→ The problem
Transcribe exactly, leaving out pictures, the lines from the one that holds "画像: 女性監督で唯一アカデ" through the end of the data below, including both end lines and no others.

→ Information shown
= Beginning of Section =
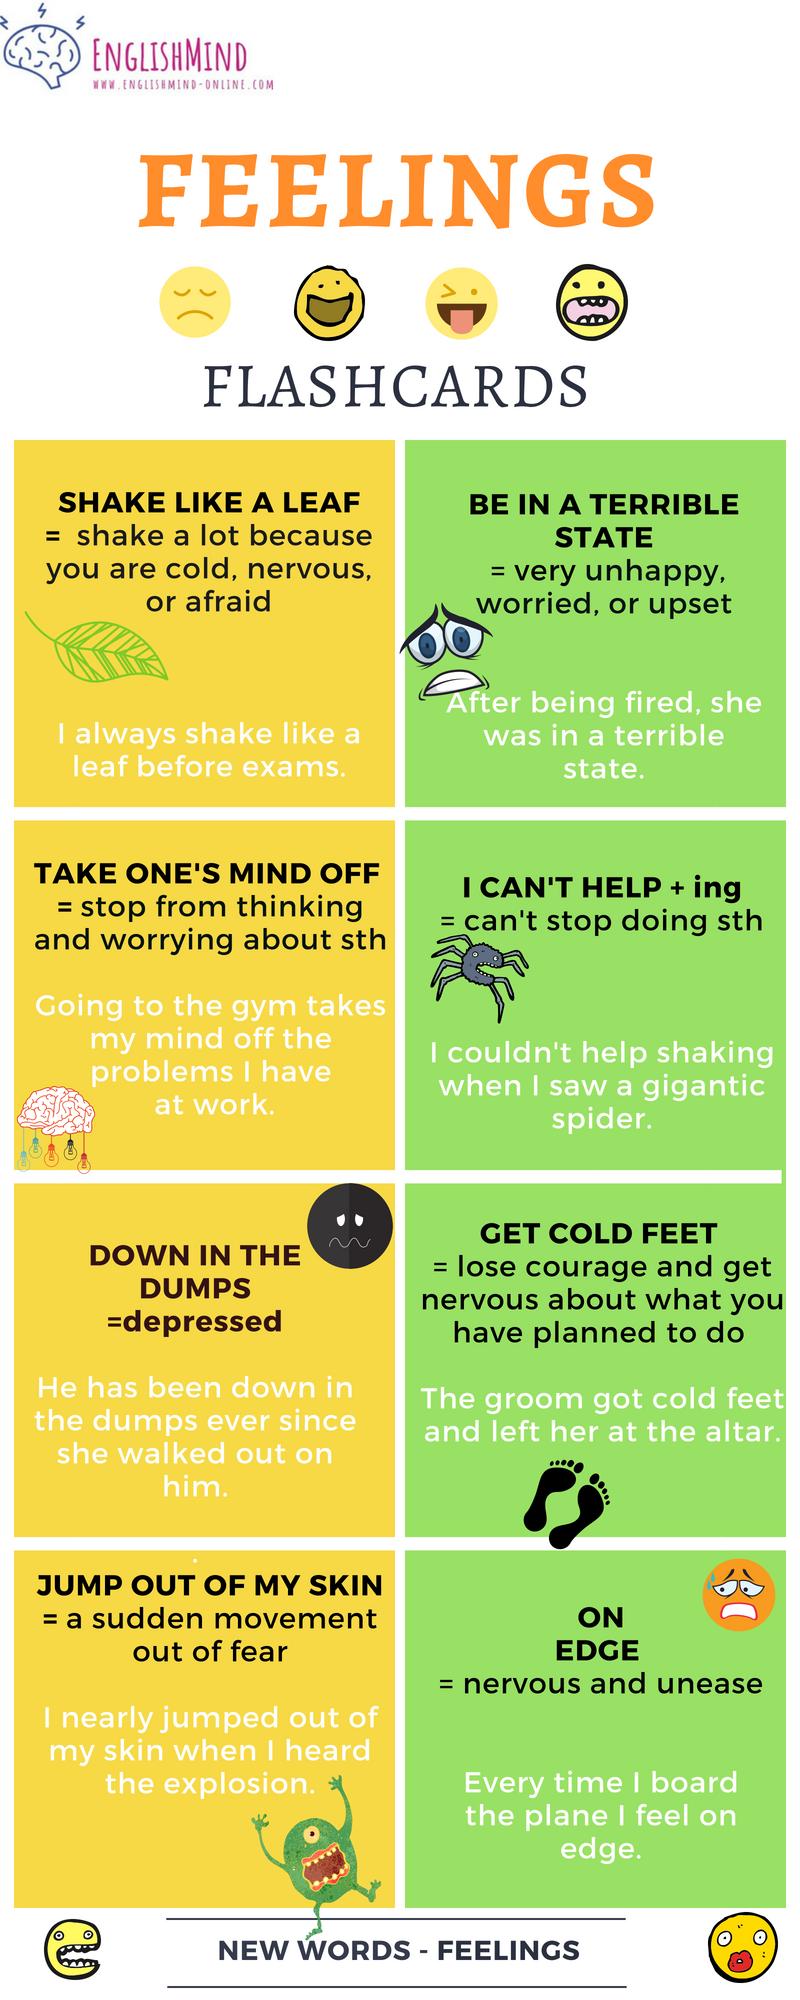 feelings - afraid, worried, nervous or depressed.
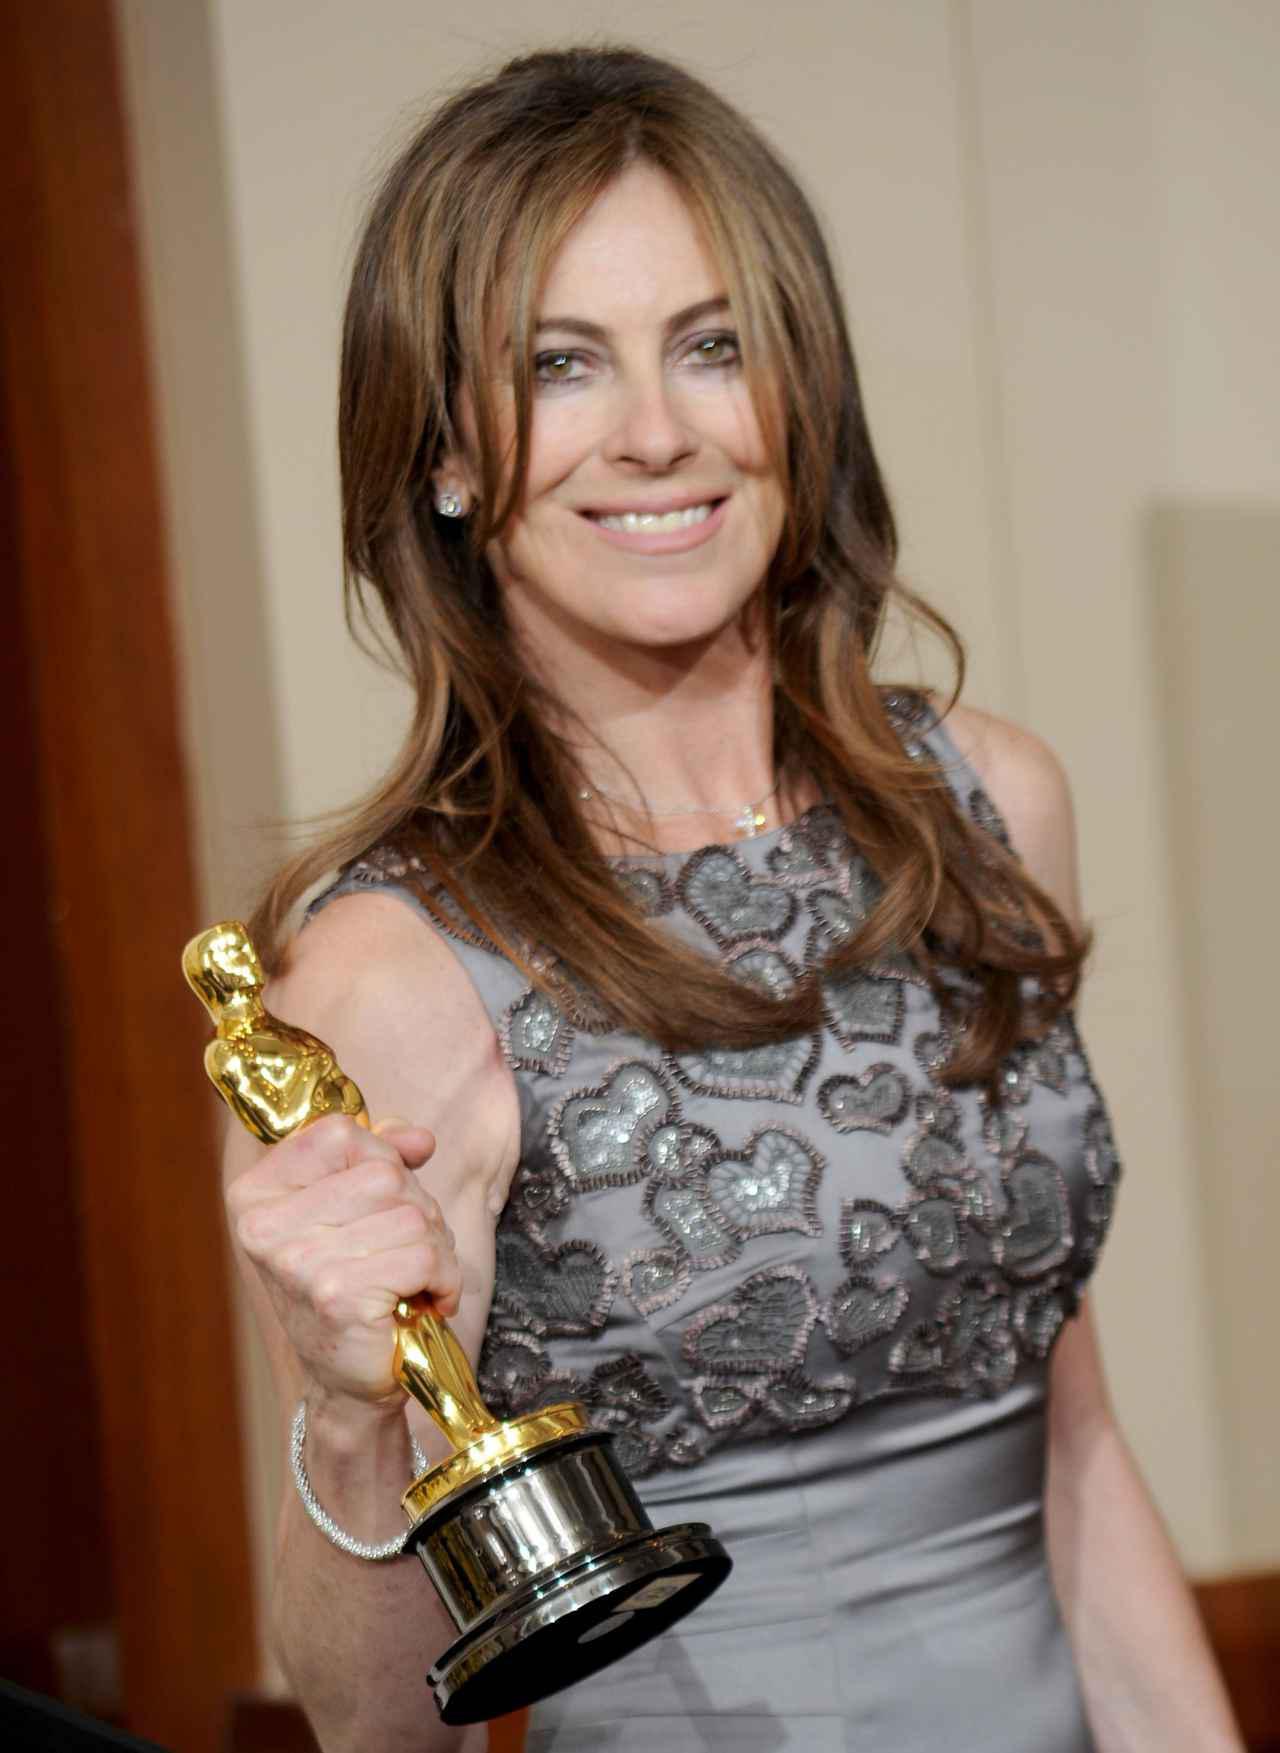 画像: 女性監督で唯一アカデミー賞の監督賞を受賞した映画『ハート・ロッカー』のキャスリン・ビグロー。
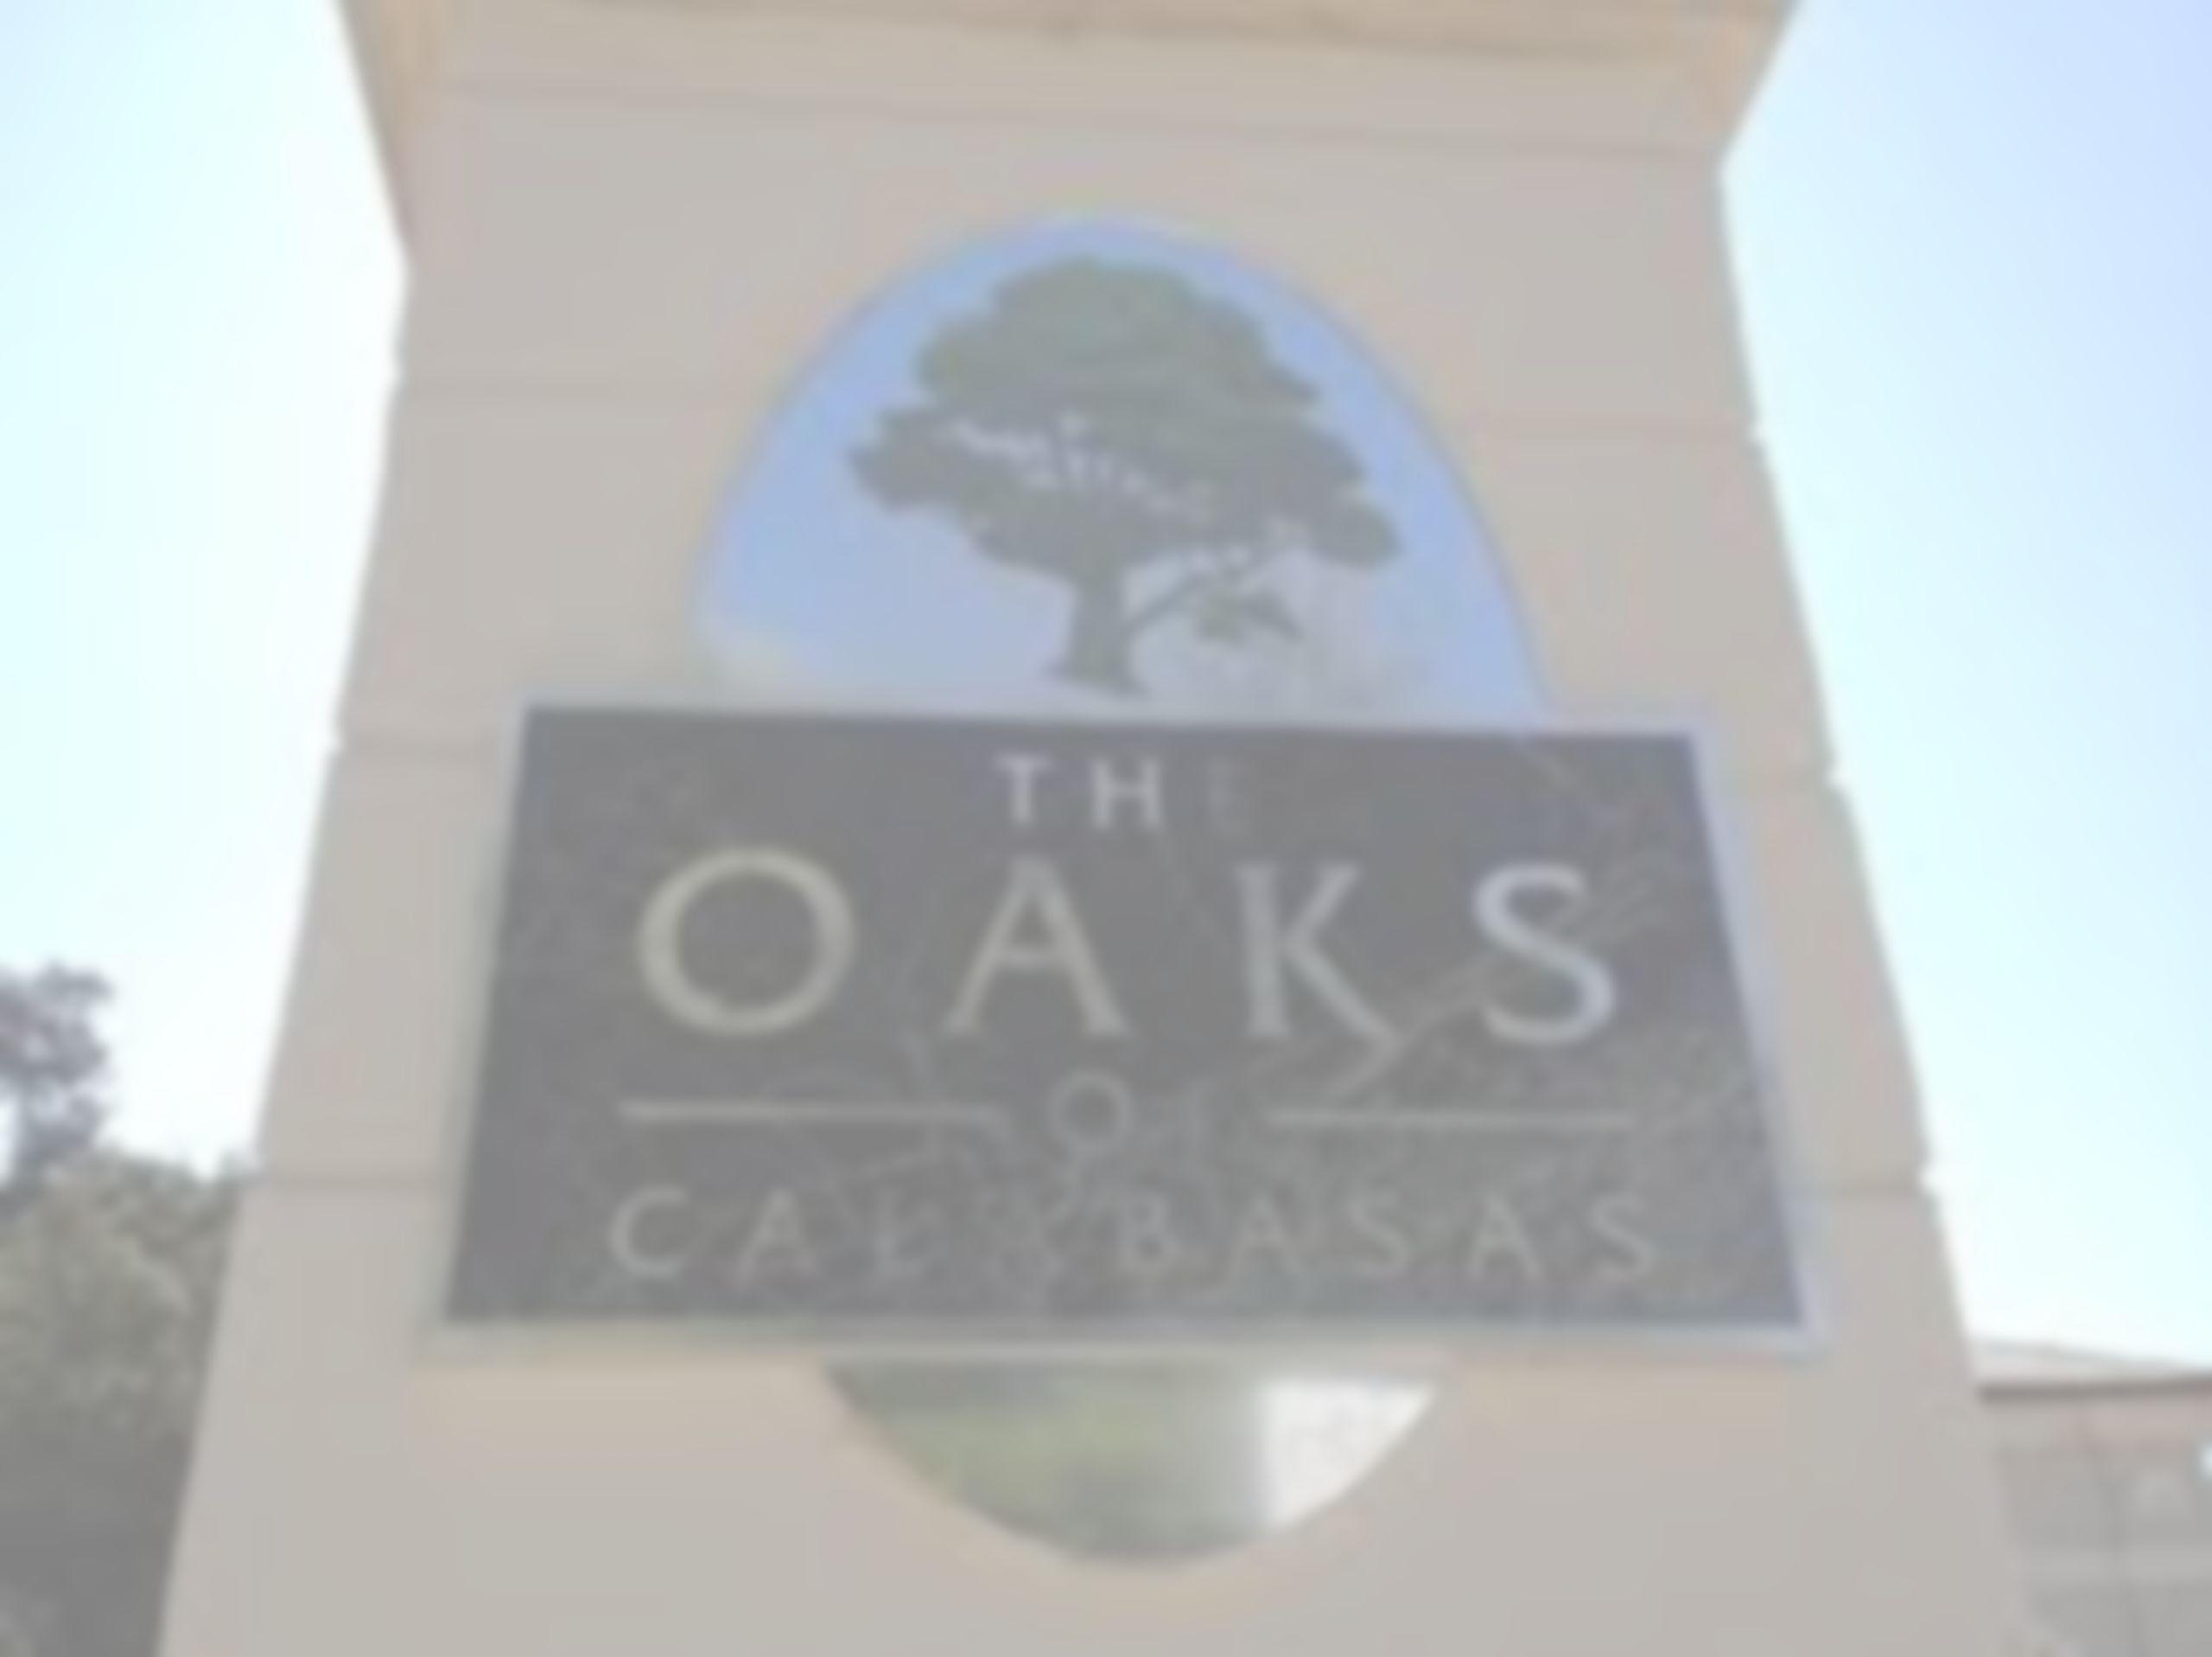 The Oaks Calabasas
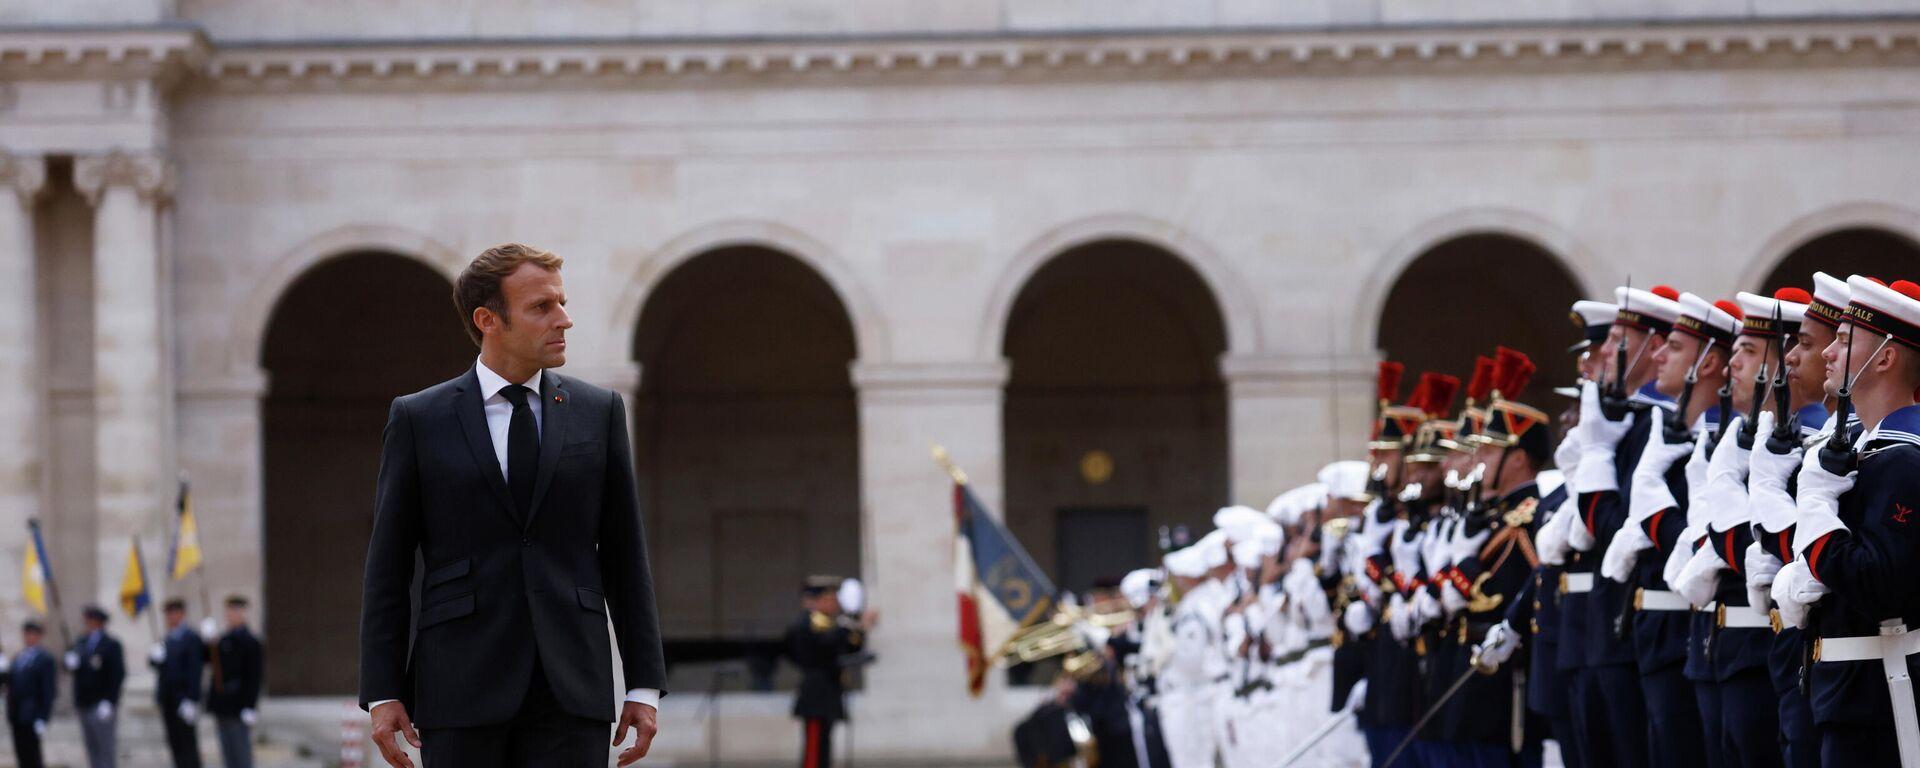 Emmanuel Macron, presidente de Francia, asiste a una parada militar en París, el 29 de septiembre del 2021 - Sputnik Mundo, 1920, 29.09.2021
= End of Section =
→ Output for this exercise
 画像: 女性監督で唯一アカデミー賞の監督賞を受賞した映画『ハート・ロッカー』のキャスリン・ビグロー。
 The Oaks Calabasas
 Emmanuel Macron, presidente de Francia, asiste a una parada militar en París, el 29 de septiembre del 2021 - Sputnik Mundo, 1920, 29.09.2021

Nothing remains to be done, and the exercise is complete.